# TB2 - Distribution List



## Brass_Machine (Jan 4, 2009)

All,

I am working on the distribution list for the parts for Team Build 2. I hope to have it emailed to all the members tonight.

Is there anyone who can't ship their parts in the next few weeks?

Eric


----------



## Brass_Machine (Jan 4, 2009)

Joe d... I need your address as well!

Thanks
Eric


----------



## joe d (Jan 4, 2009)

Brass_Machine  said:
			
		

> Joe d... I need your address as well!
> 
> Thanks
> Eric



PM inbound!

Joe


----------



## ksouers (Jan 4, 2009)

Eric,
I have 4 pieces that can be shipped. The other 4 are in various stages of completion thanks to an oops.


Kevin


----------



## te_gui (Jan 4, 2009)

I just need to tap the 5-40 holes little deeper, had last 2 weeks off work and thats where parts are. I'll be picking up some screws to put in em per prior discussion. Probably socket head capscrews unless otherwise requested. Thats what the holes in the base are counterbored for as well, PM with contact info. is on its way.

Brian


----------



## Brass_Machine (Jan 4, 2009)

I got the distro list done. I just need 1 address to finish the list.

bretk, where are you?

Eric


----------



## Brass_Machine (Jan 5, 2009)

I am going to give bretk a day or so to respond. It isn't looking good as he hasn't been online in a long while.

So, if he doesn't respond we need to do 1 of 2 things...

1. everyone make the one part missing themselves

or 

2. find a replacement builder

Any volunteers for a replacement builder? Anyone else want to get involved?

Thanks
Eric


----------



## kvom (Jan 5, 2009)

Bret was supposed to do the piston rods (16) and forks (32).

I have a fair bit of 1/4" brass bar, certainly enough for some forks.

I'm re-starting class this week. Let me see how much time it takes me to make a couple of forks. I think it would be quick to mill the profile. If everyone would undertake to drill the holes on their pieces they could probably be ready to ship pretty soon.

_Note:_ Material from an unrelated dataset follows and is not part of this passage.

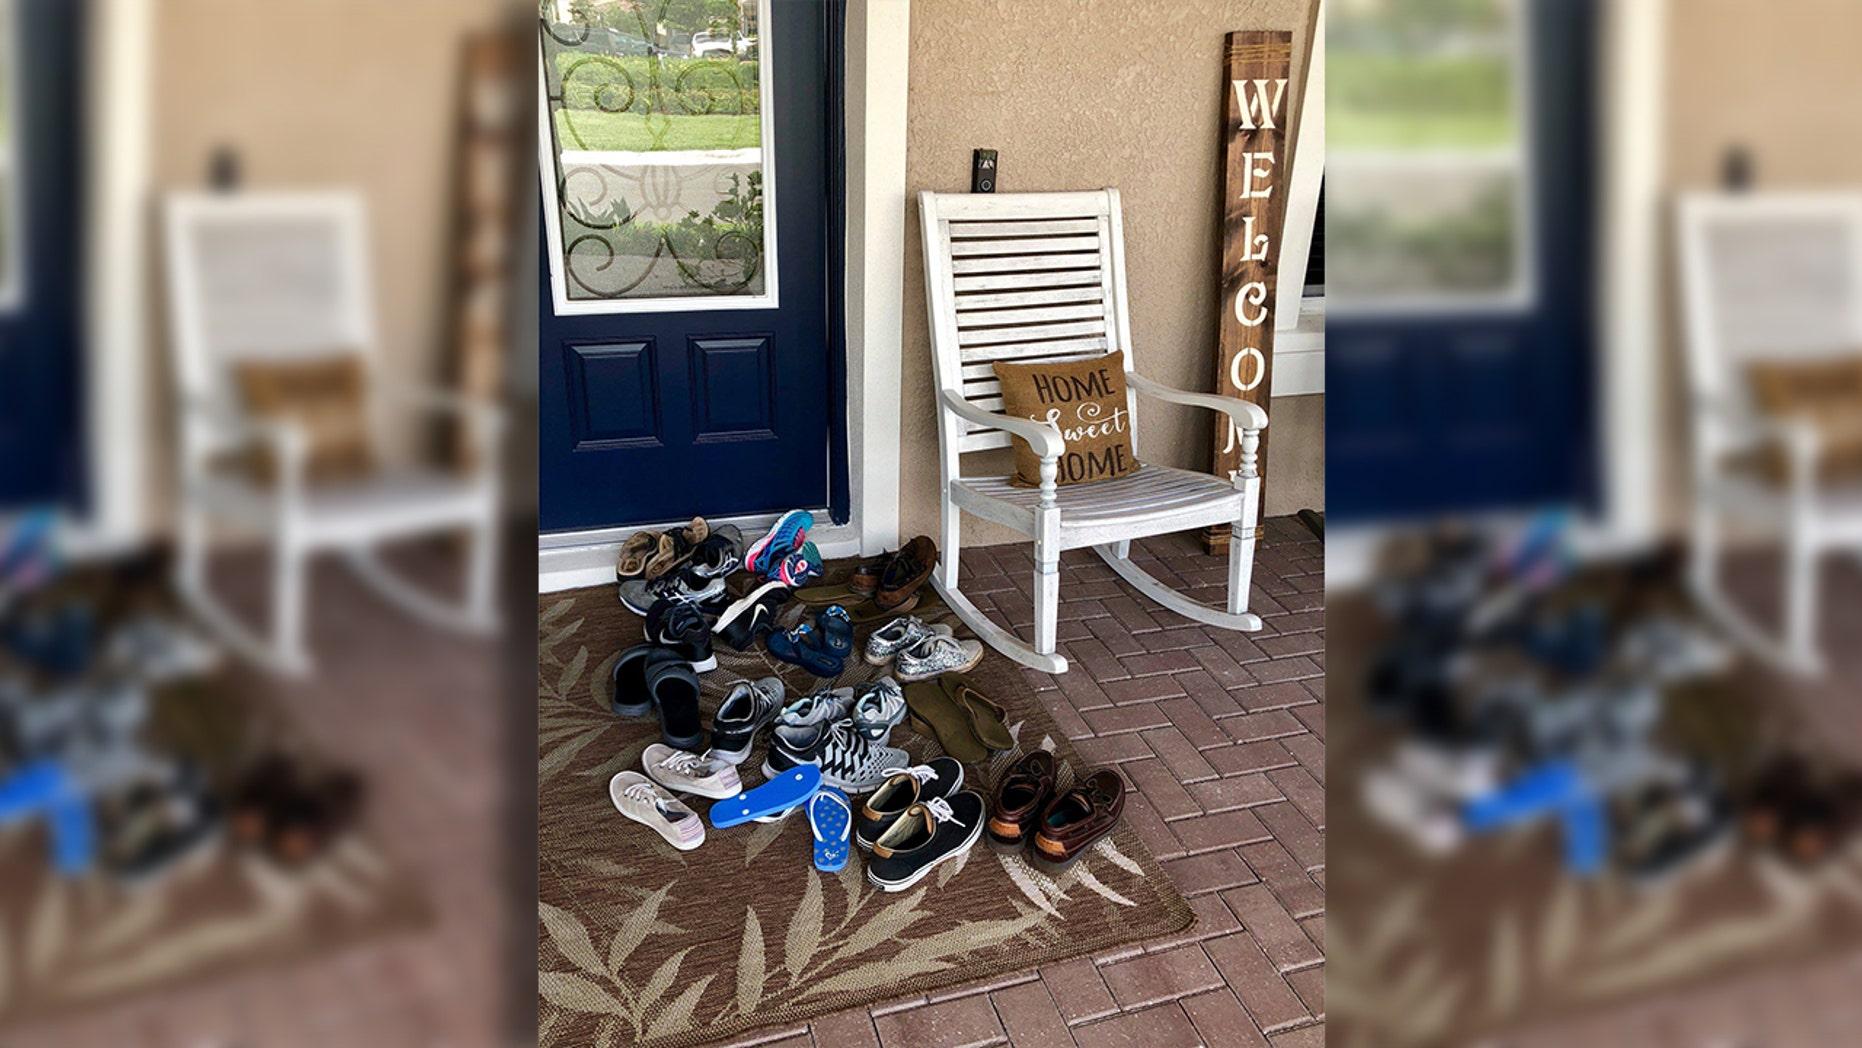 One Florida mom's sentimental Facebook post has gone viral.

I don't have any 3/32 brass rod.


----------



## Brass_Machine (Jan 5, 2009)

I have a member who is interested in taking over for BretK. If I don't hear from him (bret) tomorrow, we have a standby ready to go!

Eric


----------



## BobWarfield (Jan 6, 2009)

Also, please note, I am still not done on the mill CNC conversion, which is ahead of my TB part in my shop queue. Once I finish the conversion, I don't think the parts will take long, but if folks are in a hurry, we may want to reassign the part. I won't mind, but I do intend to do the parts right away just as soon as I can CNC them!

Appologies for the inconvenience,

Bob W.


----------



## Brass_Machine (Jan 6, 2009)

Bob...

What kind of wait time are talking about?

Eric


----------



## BobWarfield (Jan 6, 2009)

I don't think it will be that long, but let's take a worst case. Suppose things go terribly on the mill and it was 8 weeks?

BW


----------



## Brass_Machine (Jan 6, 2009)

BobWarfield  said:
			
		

> I don't think it will be that long, but let's take a worst case. Suppose things go terribly on the mill and it was 8 weeks?
> 
> BW



I will re-arrange the distro so your parts are going towards yours and the 3 extras. Sound good?

Eric


----------



## Brass_Machine (Jan 10, 2009)

The list has been emailed.

Some of you won't get it as I don't have your email address.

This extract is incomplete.